═════ Data shown

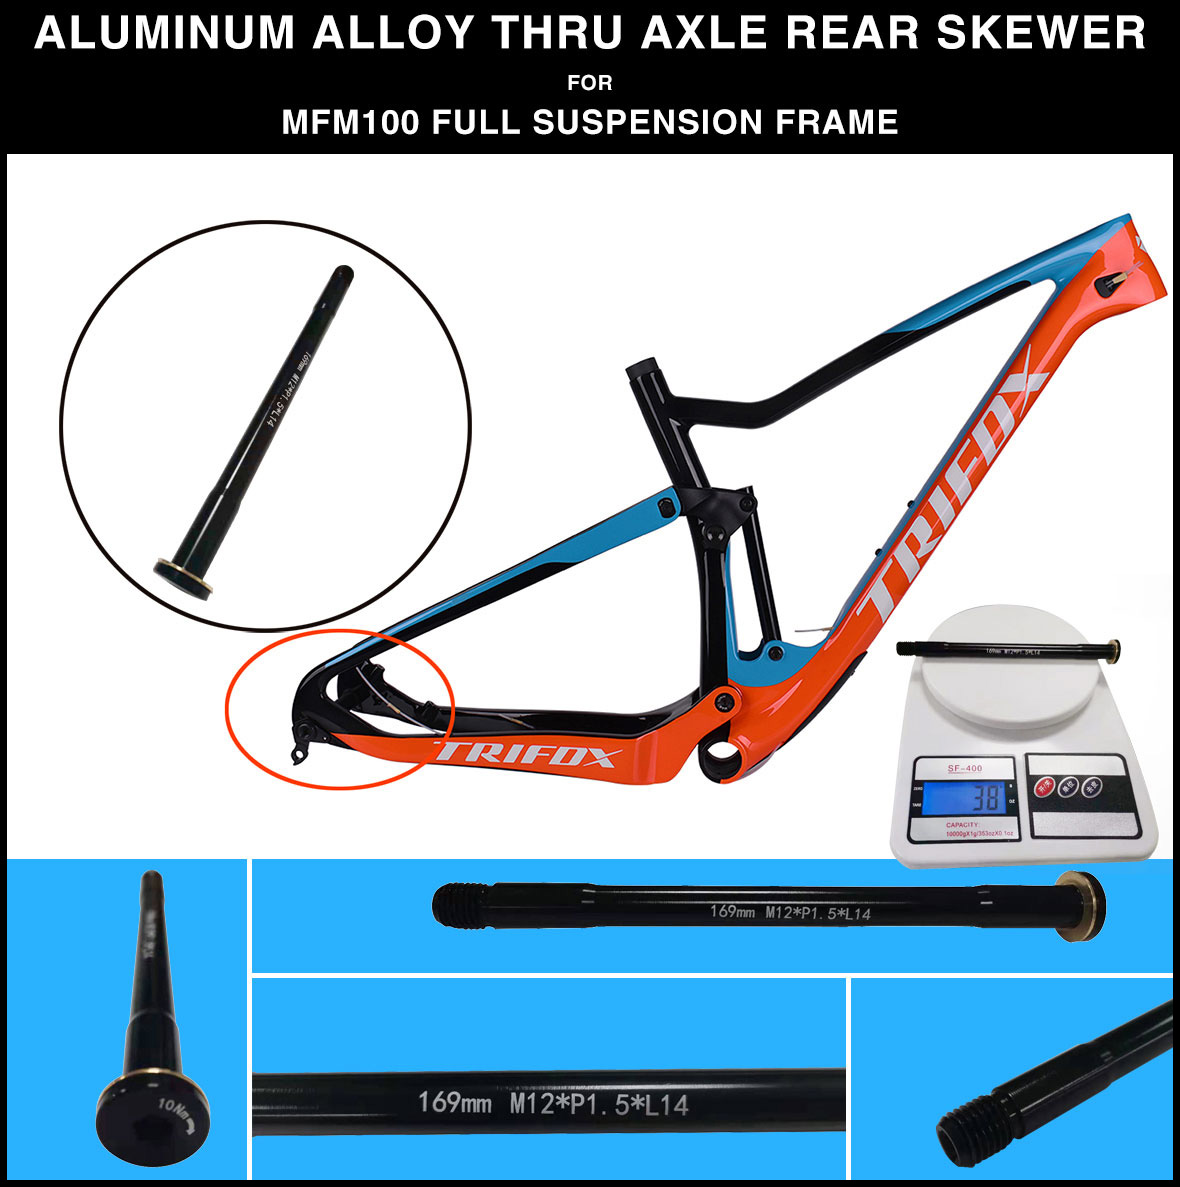 Aluminum Alloy Rear Axle Skewer ATS100 Details
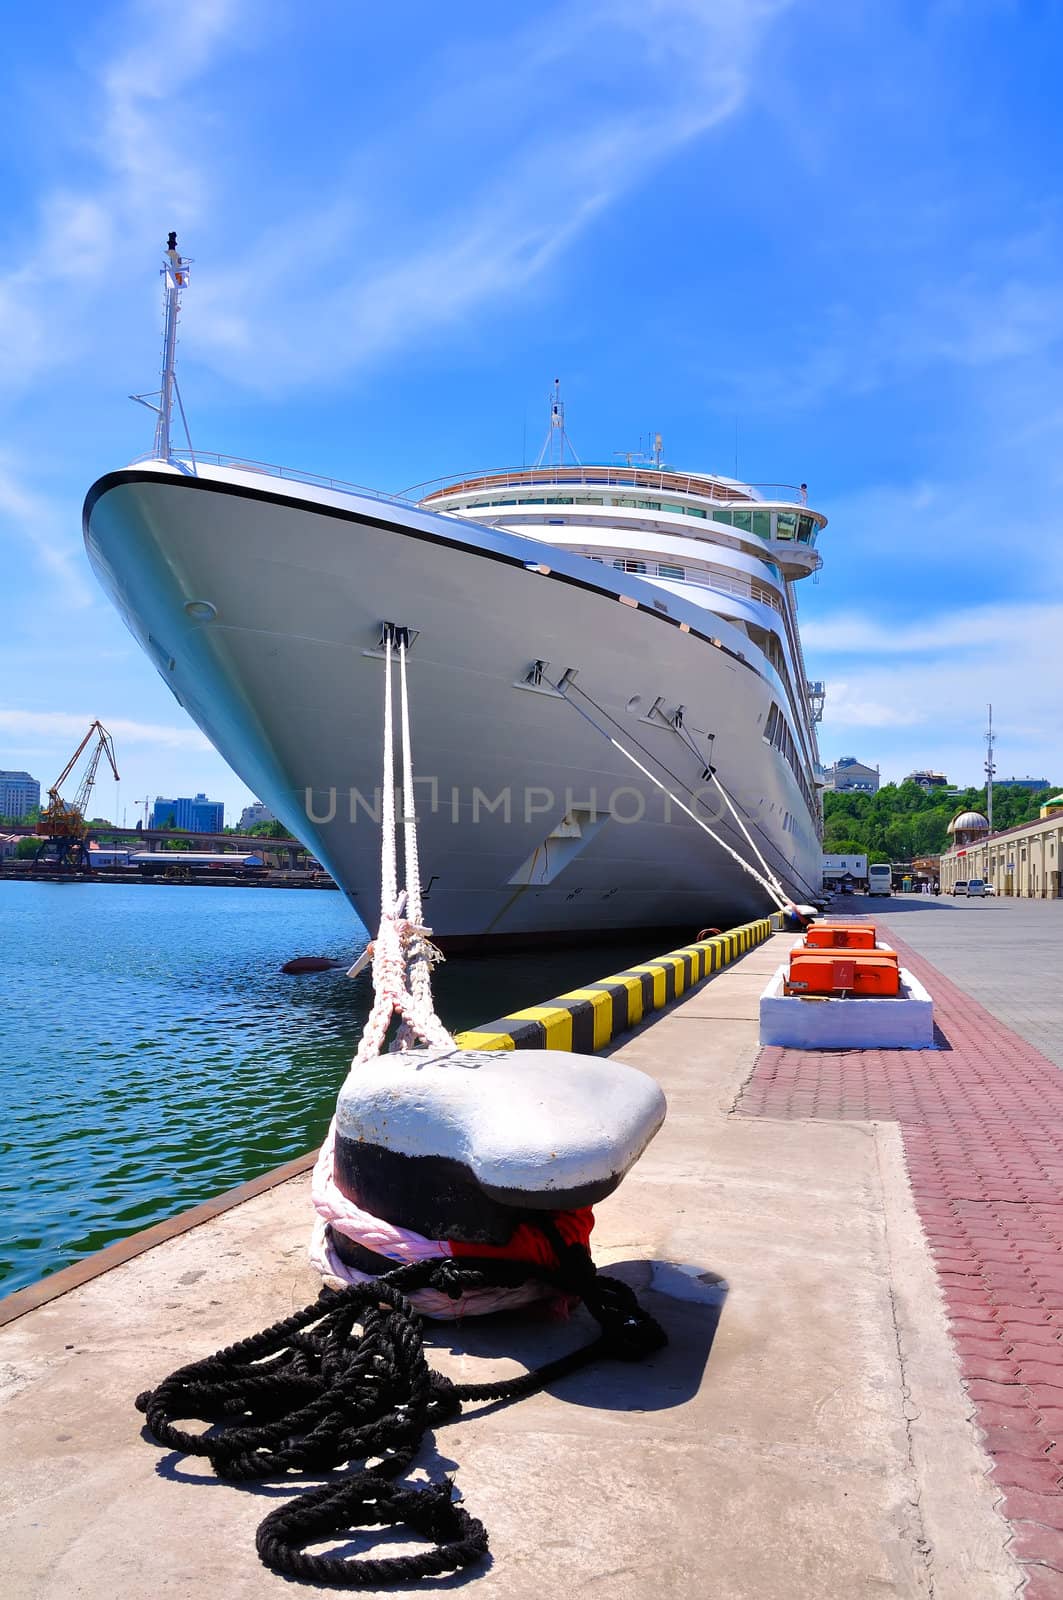 cruise liner by vetkit
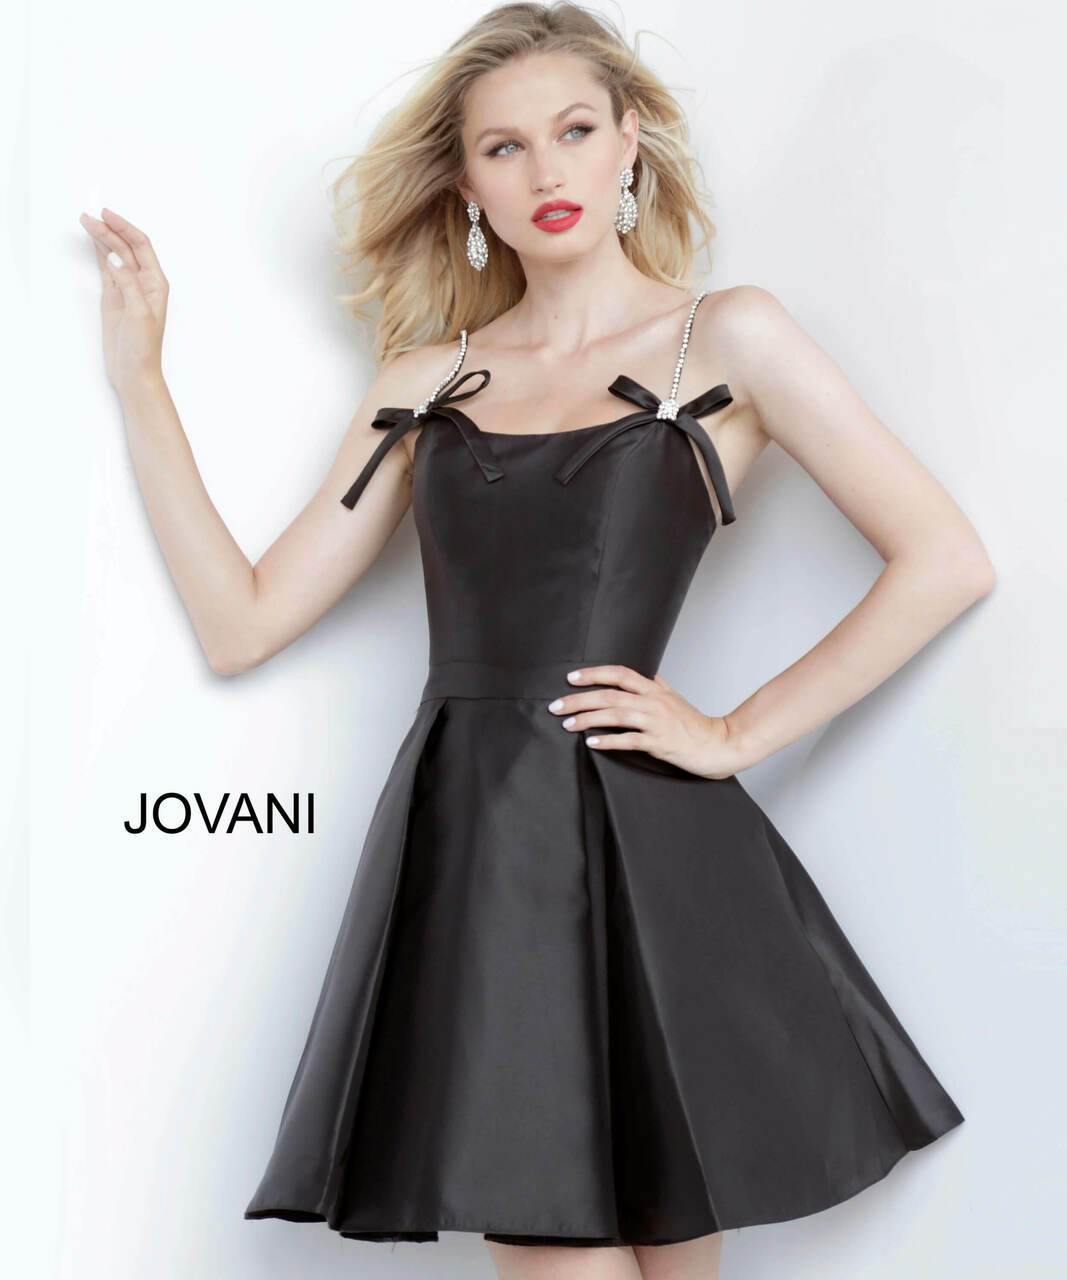 Jovani Short Spaghetti Strap Cocktail Dress 00198 - The Dress Outlet

══════════

What is required: Reproduce the material above exactly but drop all images.

Response:
 Aluminum Alloy Rear Axle Skewer ATS100 Details
 cruise liner by vetkit
 Jovani Short Spaghetti Strap Cocktail Dress 00198 - The Dress Outlet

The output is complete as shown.